7. Prophecies of the Merman

That autumn, a father and son, Handir and Hrindir, went fishing and caught a merman. They took him to Hjorleif. The king gave him into the hands of a woman of the court and told her to take good care of him. No one got a word out of him. The candle-boys were larking and wrestling and put the lights out. At that moment Hild tore Aesa's mantle with a horn. The king hit her with his hand, but Hild said it was the dog on the floor's fault. So the king struck the dog. Then the merman laughed. The king asked why he was laughing. He said, “Because you were stupid--those two will save your life.”

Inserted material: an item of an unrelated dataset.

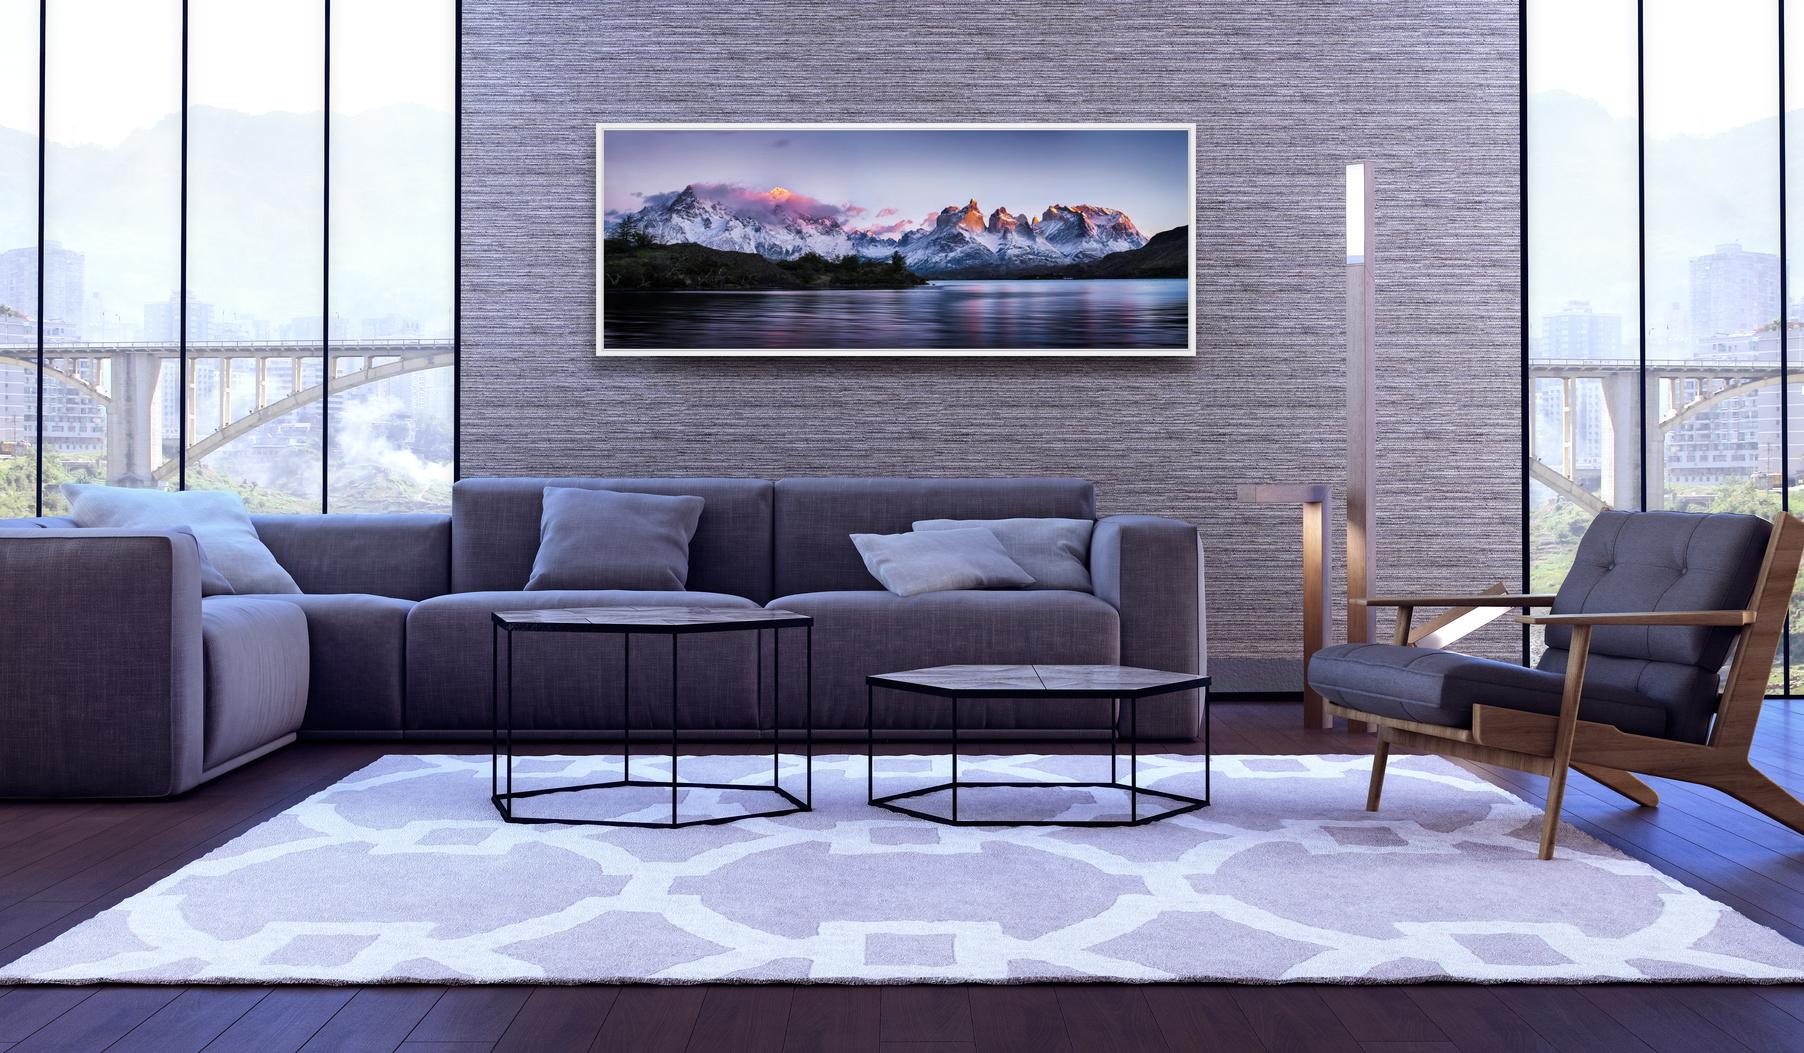 Panorama-Landschaft von Ignacio Palacios im Wohnzimmer #wanddeko ©Bild: Ignacio Palacios. Raum: hd3dsh - Fotolia

The king asked him to say some more. He didn't answer. So the king let him be taken back to sea and asked him to say what he needed to know. As he came to sea, the merman sang:

“Far south at sea
I see the lights,
a Danish king
would avenge his daughter.
Out in the harbour
sit untold ships,
Hjorleif's invited
to an island fight.4
Have a care king,
for what's to come--
I want to go back in the sea.”

And as they rowed out to where they'd hauled him up, he chanted:

“A story I can tell
to the sons of Norway,
oh a wonderful one,
if you want to hear:
Odin's daughter
drawing northward
drenched all in blood
from Denmark's shore.

She has a helm
on her head buckled,
hard battle-crest,
no hanging back.
Not long have the lads
left to wait now,
for War's on her way,
she won't delay.

Shield-frame will be smashed,
the maid's eyes flash
across this district
at the thanes' maimer,
sword-lord. There'll be
for all soldiers,
for each man here
many a spear,
before the great storm
of steel appears.

But if such is true,
when it turns out badly,
you'll have all paid dear
for the year,
when spring comes.”

Then King Hjorleif let him overboard. But first, a man took him by the hand and asked, “What is best for a man?” The merman answered:

“Cold water for eyes,
and meat for teeth,
linen for a body,
let me back in the sea!
No man manhandles
me, never from now,
nobody into boats,
off the sea-bottom.”

The king gave Handir and Hrindir land to farm and with it a thrall and a bondswoman.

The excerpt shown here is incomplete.